Example: Vehicle Stopping Distances

Let’s use the built-in R dataset cars, which contains the speed of cars and the distances they took to stop in the 1920s.

Question: Can we predict a car’s stopping distance based on its speed?

  • Independent Variable (X): Speed (mph)
  • Dependent Variable (Y): Stopping Distance (ft)

First, we visualize the data with a scatter plot to see if a linear relationship seems plausible.

The plot suggests a positive linear relationship: as speed increases, stopping distance tends to increase.

Fitting the Model with R

We can use the lm() function in R to fit a linear model. The formula dist ~ speed means we are modeling dist as a function of speed.

Below is the R code to build the model and add the regression line to our plot.

car_model <- lm(dist ~ speed, data = cars)
ggplot(cars, aes(x = speed, y = dist)) +
  geom_point(color = "blue", size = 3, alpha = 0.6) +
  geom_smooth(method = "lm", se = FALSE, color = "#8C1D40", size=1.5) + 
  labs(
    title = "Fitted Regression Line", 
    subtitle = "Stopping Distance = -17.58 + 3.93 * Speed",
    x = "Speed (mph)", 
    y = "Stopping Distance (ft)"
  ) + theme_minimal(base_size = 16)

The Estimated Regression Line

The lm() function uses a method called Ordinary Least Squares (OLS) to find the “best” estimates for \(\beta_0\) and \(\beta_1\). These estimates are denoted with a “hat” symbol.

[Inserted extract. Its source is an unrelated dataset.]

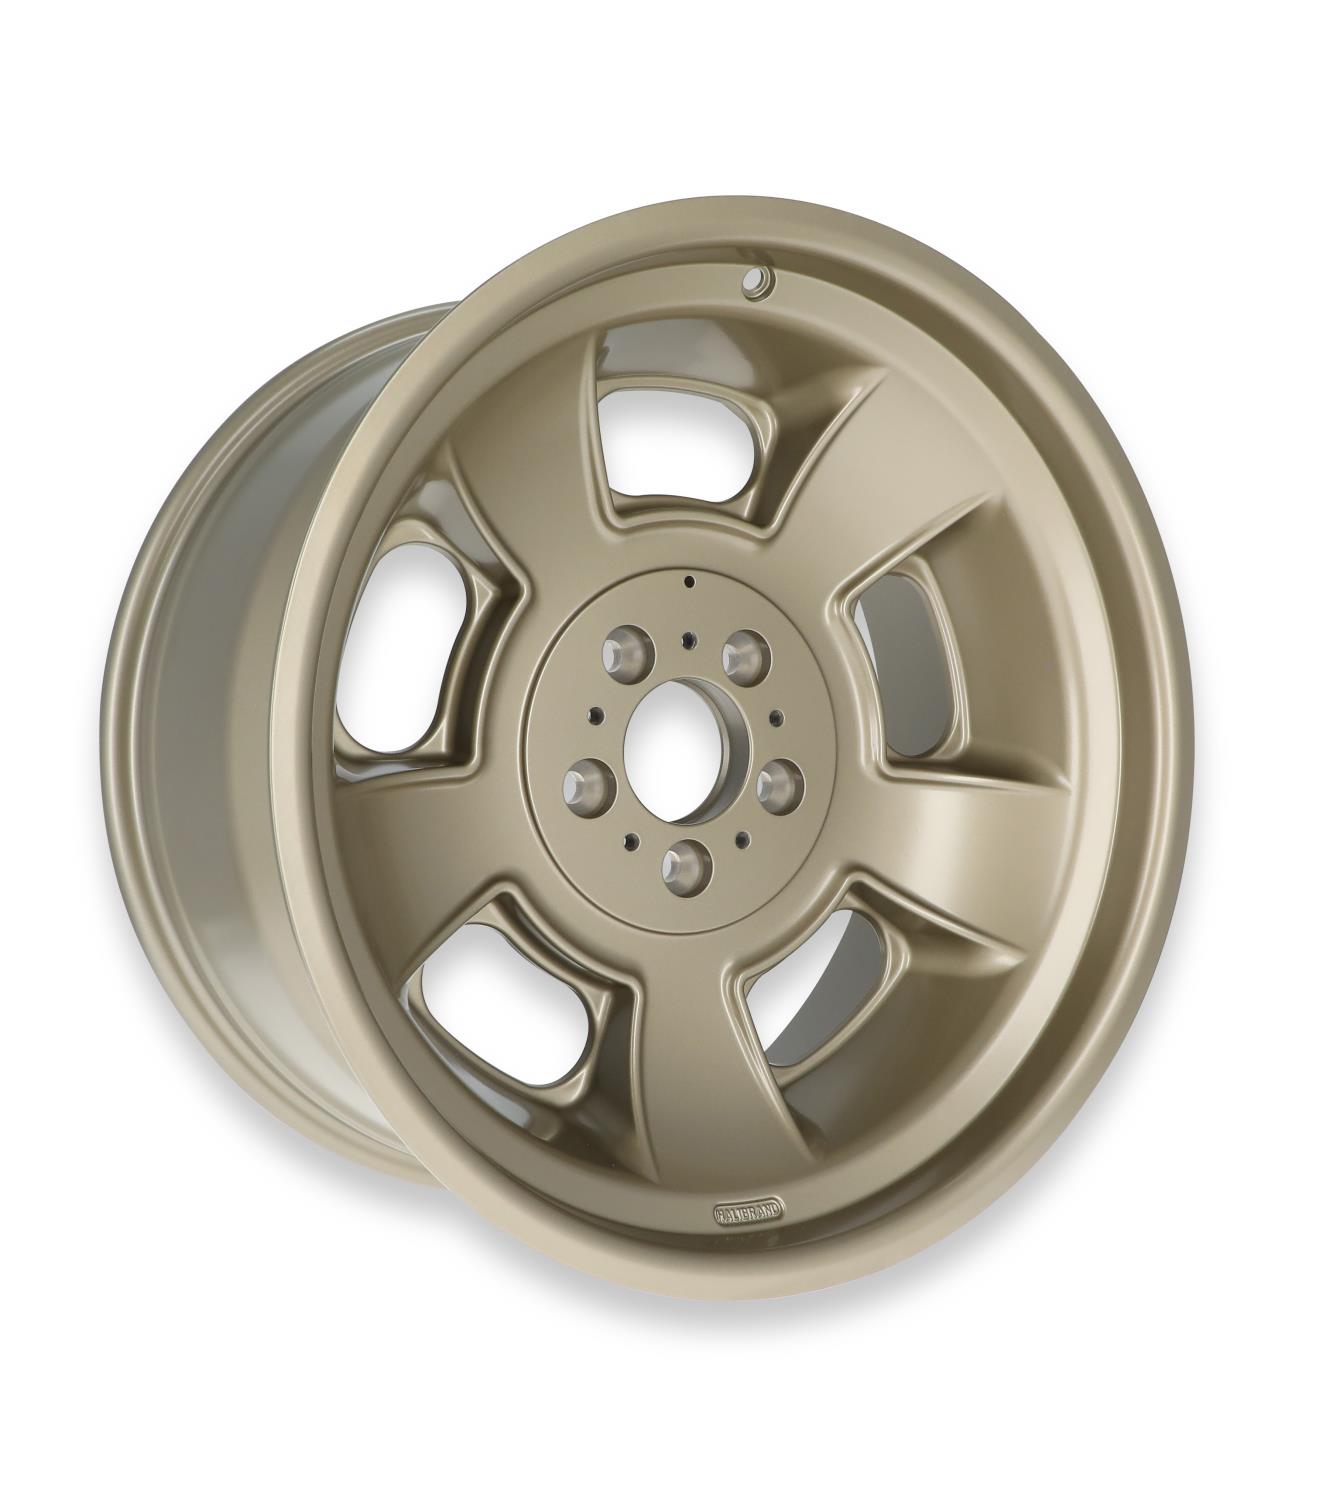 Sprint Rear Wheel, Size: 20x10", Bolt Pattern: 5x5", Backspace: 5.5" [MAG7 - Semi Gloss Clearcoat]

The estimated regression equation is:

\[ \hat{y} = \hat{\beta}_0 + \hat{\beta}_1 x \]

For our cars dataset, the R output from summary(car_model) gives us:

  • \(\hat{\beta}_0\) (Intercept) = -17.58
  • \(\hat{\beta}_1\) (Slope) = 3.93

So, our predictive model is:

Stopping Distance = -17.58 + 3.93 * Speed

This means that for every 1 mph increase in speed, we expect the stopping distance to increase by approximately 3.93 feet.

Evaluating the Model: Residuals

How good is our model? A common way to check is by examining the residuals.

A residual is the difference between the observed value and the value predicted by the model:

\[ e_i = y_i - \hat{y}_i \]

A good model should have residuals that are randomly scattered around zero, with no obvious patterns. We can visualize this with a residual plot.

This plot shows a slight curve, suggesting a simple straight line might not be the perfect model, but there are no glaring patterns.

Visualizing Least Squares in 3D

The “best” line is the one that minimizes the Sum of Squared Errors (SSE). The SSE is the sum of the squared residuals ($ e_i^2 $).

We can visualize the SSE as a 3D surface, where the x and y axes are possible values for the intercept (\(\beta_0\)) and slope (\(\beta_1\)), and the z-axis is the resulting SSE. The goal is to find the lowest point on this surface.

The red ‘X’ marks the combination of slope and intercept that minimizes the SSE, giving us our best-fit line.

Conclusion

Summary of Simple Linear Regression:

  • It provides a simple and powerful way to model the linear relationship between two variables.
  • The model is defined by an intercept and a slope, which are estimated from data.
  • The Method of Least Squares is used to find the line that best fits the data by minimizing the sum of squared residuals.
  • Visual tools like scatter plots and residual plots are essential for building and evaluating the model.
  • R, with packages like ggplot2 and plotly, provides a comprehensive environment for performing regression analysis.

This method forms the foundation for more complex statistical models.